Start of Block

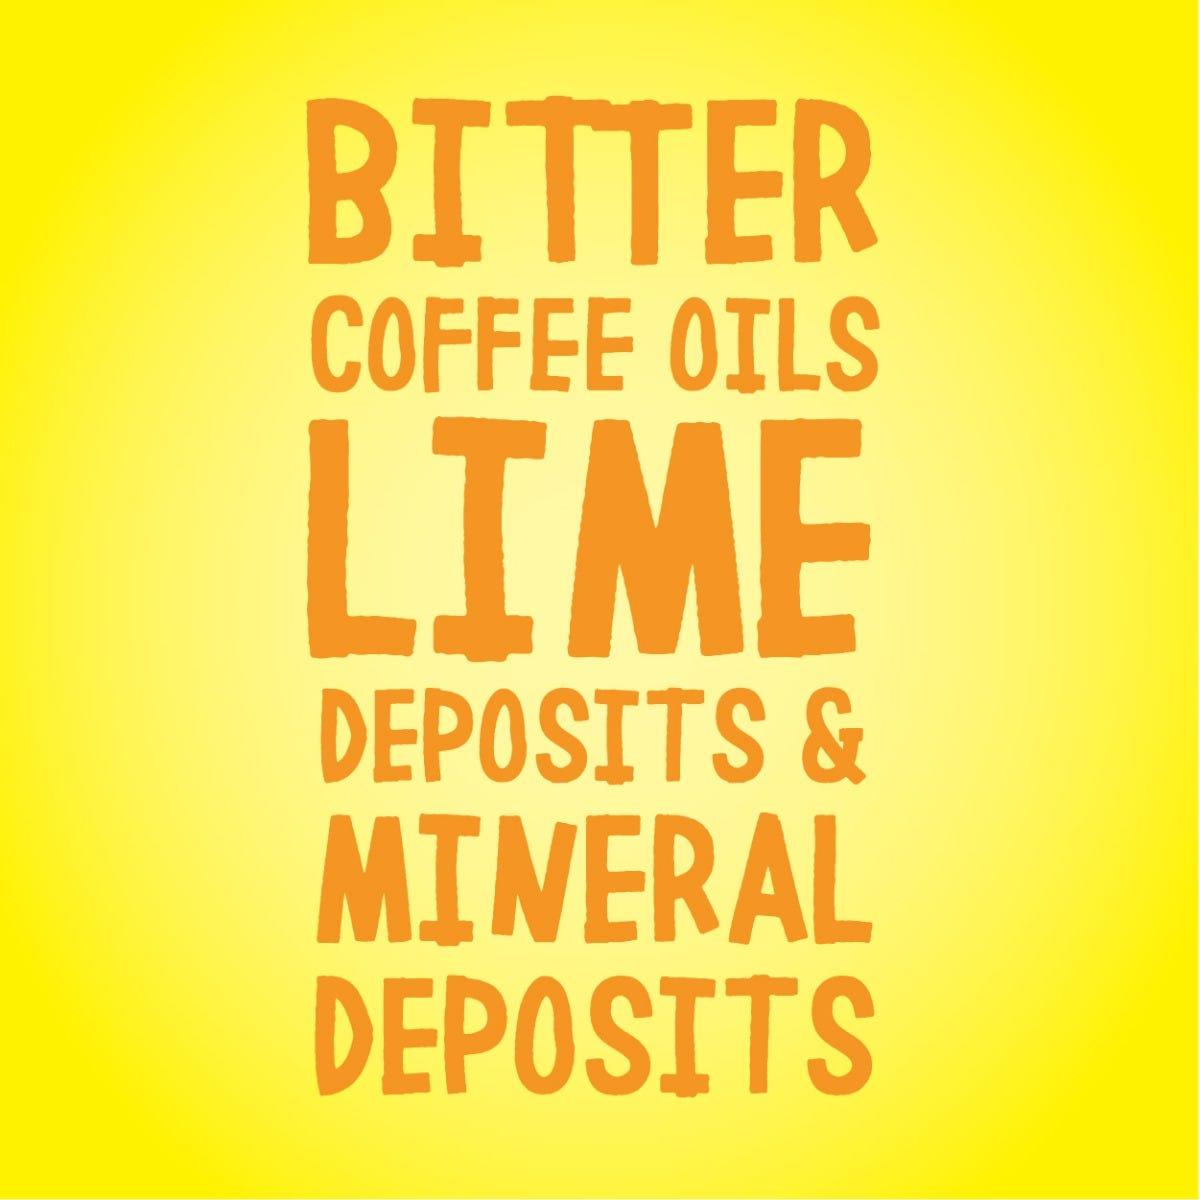 https://googone.com/media/catalog/product/c/o/coffee_maker_cleaner_benefits_1.jpg
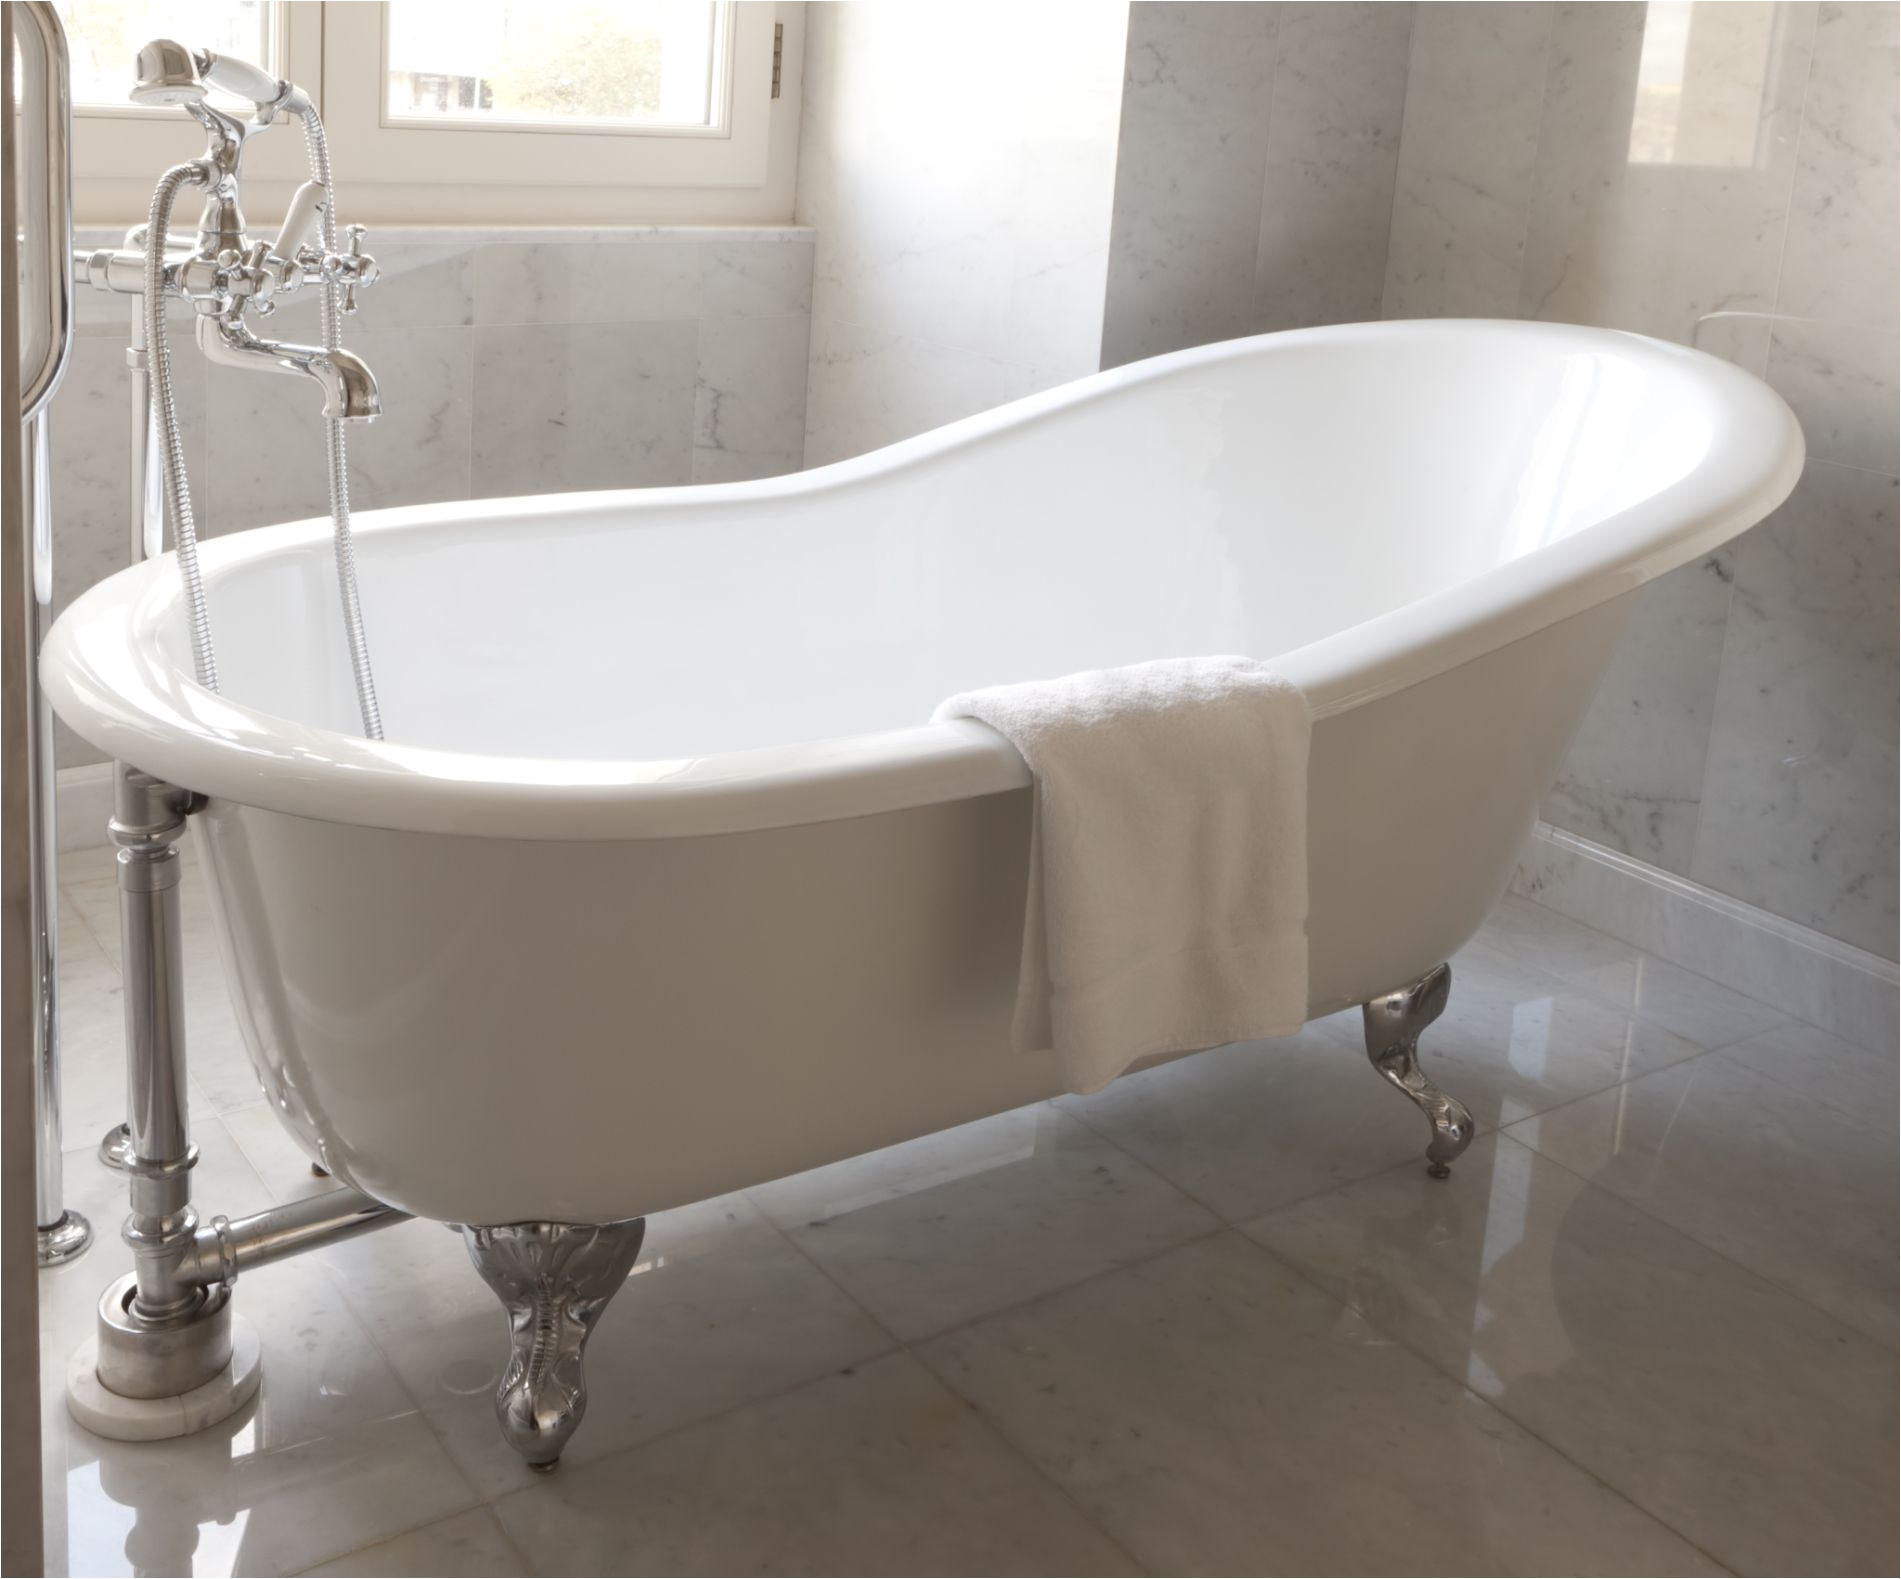 pin by seo on san diego bath tub refinishing pinterest bath tubs restoration and tubs
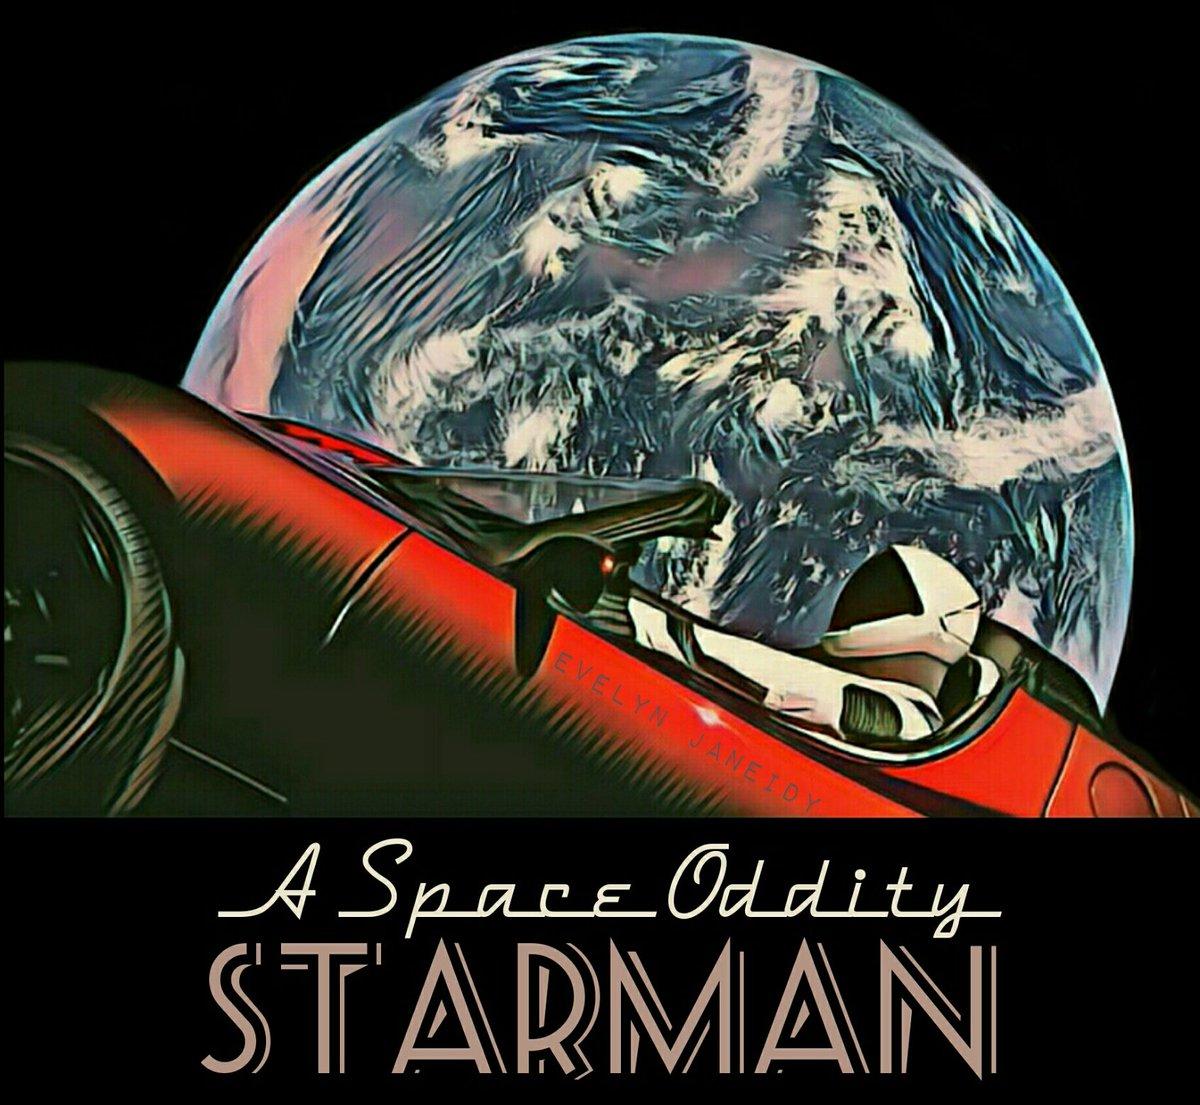 @elonmusk #SpaceX #Tesla My depiction of Starman 👽 ••• Happy Birthday Musk •••
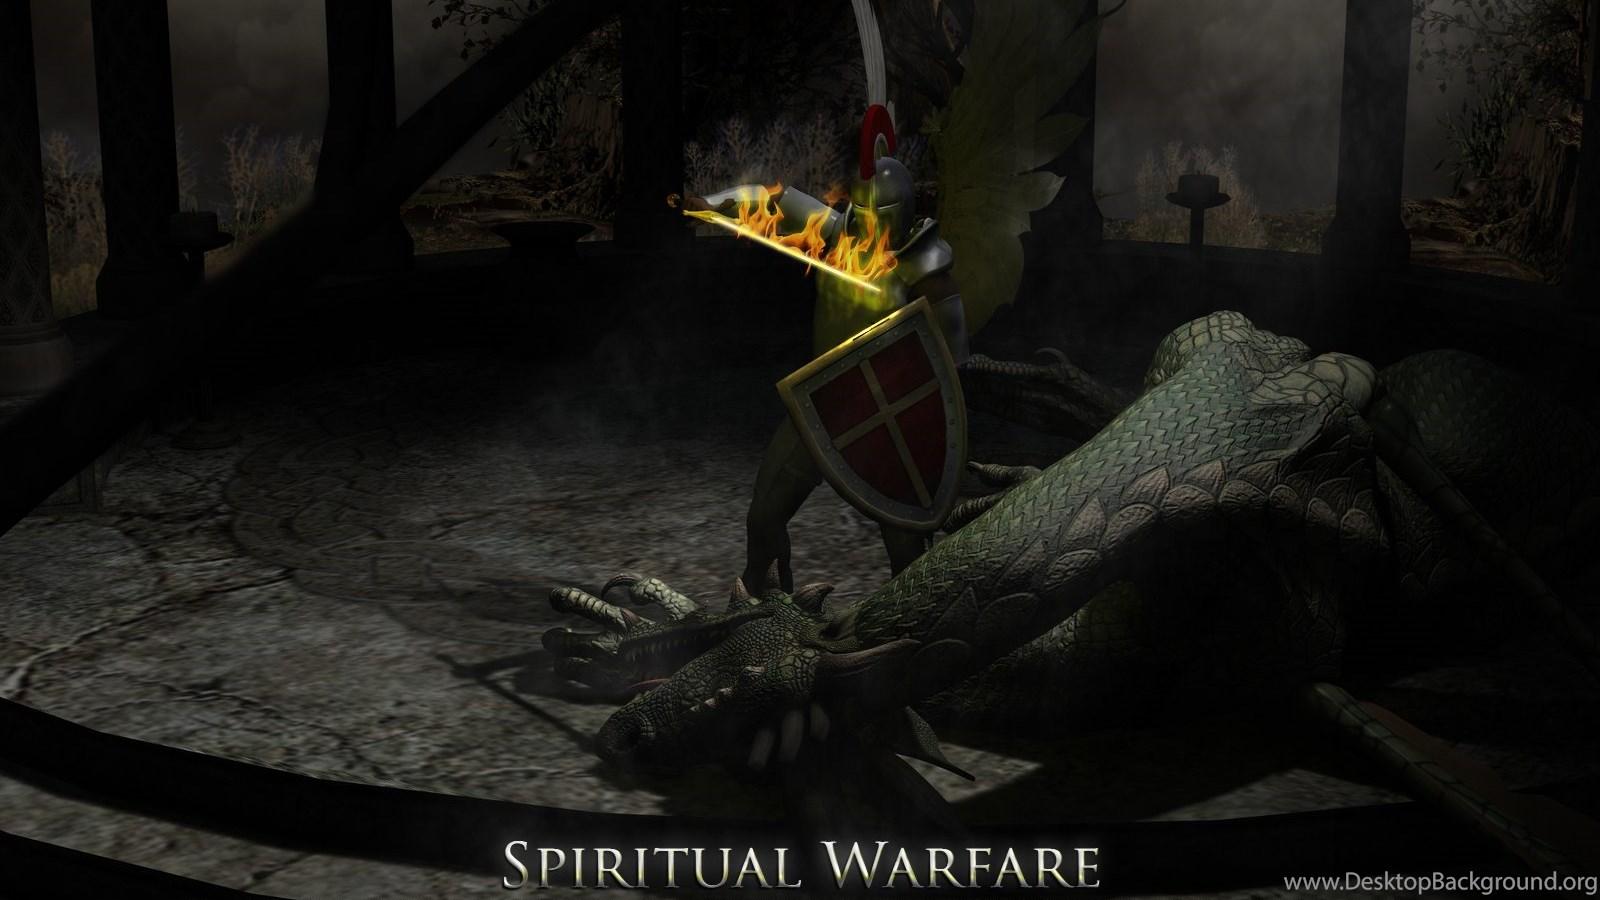 Wallpapers The Shield Spiritual Warfare Realistic Imaginations
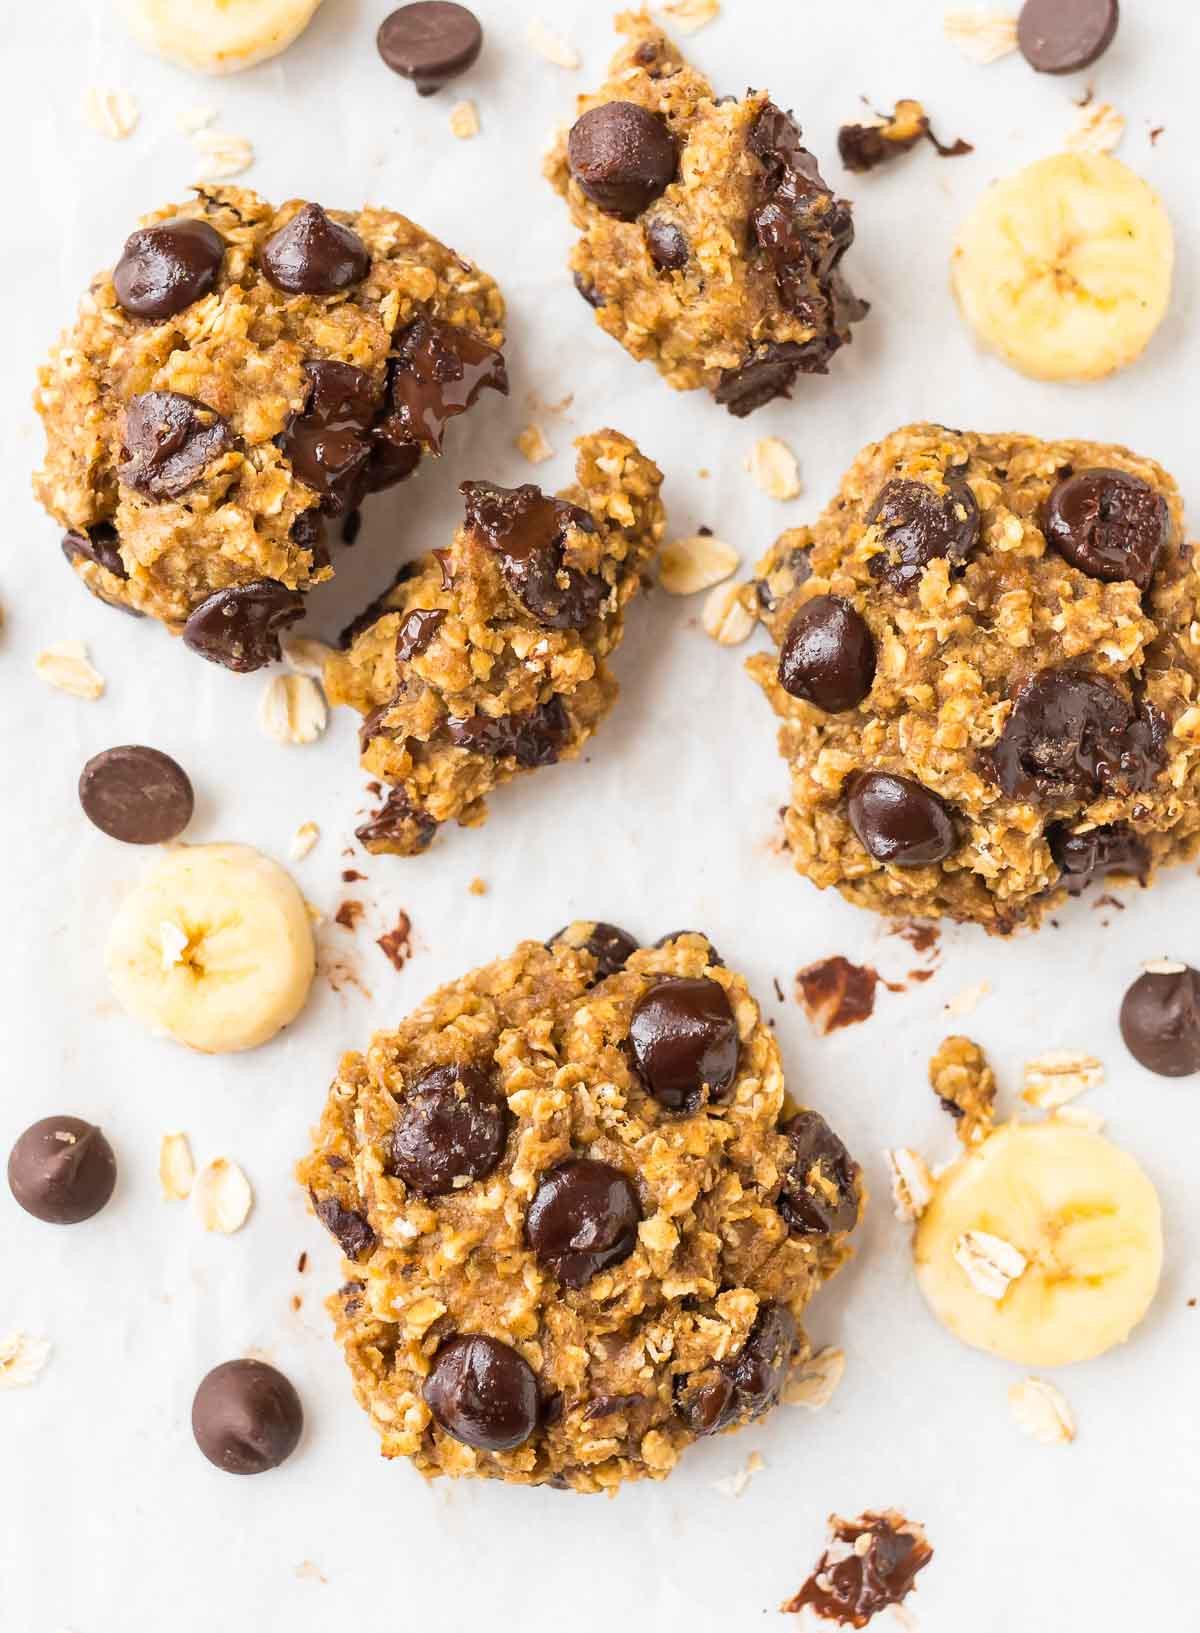 Healthy Banana Oatmeal Cookies  Healthy Banana Oatmeal Cookies with Chocolate Chips

End of Block

- [Work required]
Restate all of the material word for word. Keep out every picture.

- [Response to the task]
 https://googone.com/media/catalog/product/c/o/coffee_maker_cleaner_benefits_1.jpg
 pin by seo on san diego bath tub refinishing pinterest bath tubs restoration and tubs
 @elonmusk #SpaceX #Tesla My depiction of Starman 👽 ••• Happy Birthday Musk •••
 Wallpapers The Shield Spiritual Warfare Realistic Imaginations
 Healthy Banana Oatmeal Cookies  Healthy Banana Oatmeal Cookies with Chocolate Chips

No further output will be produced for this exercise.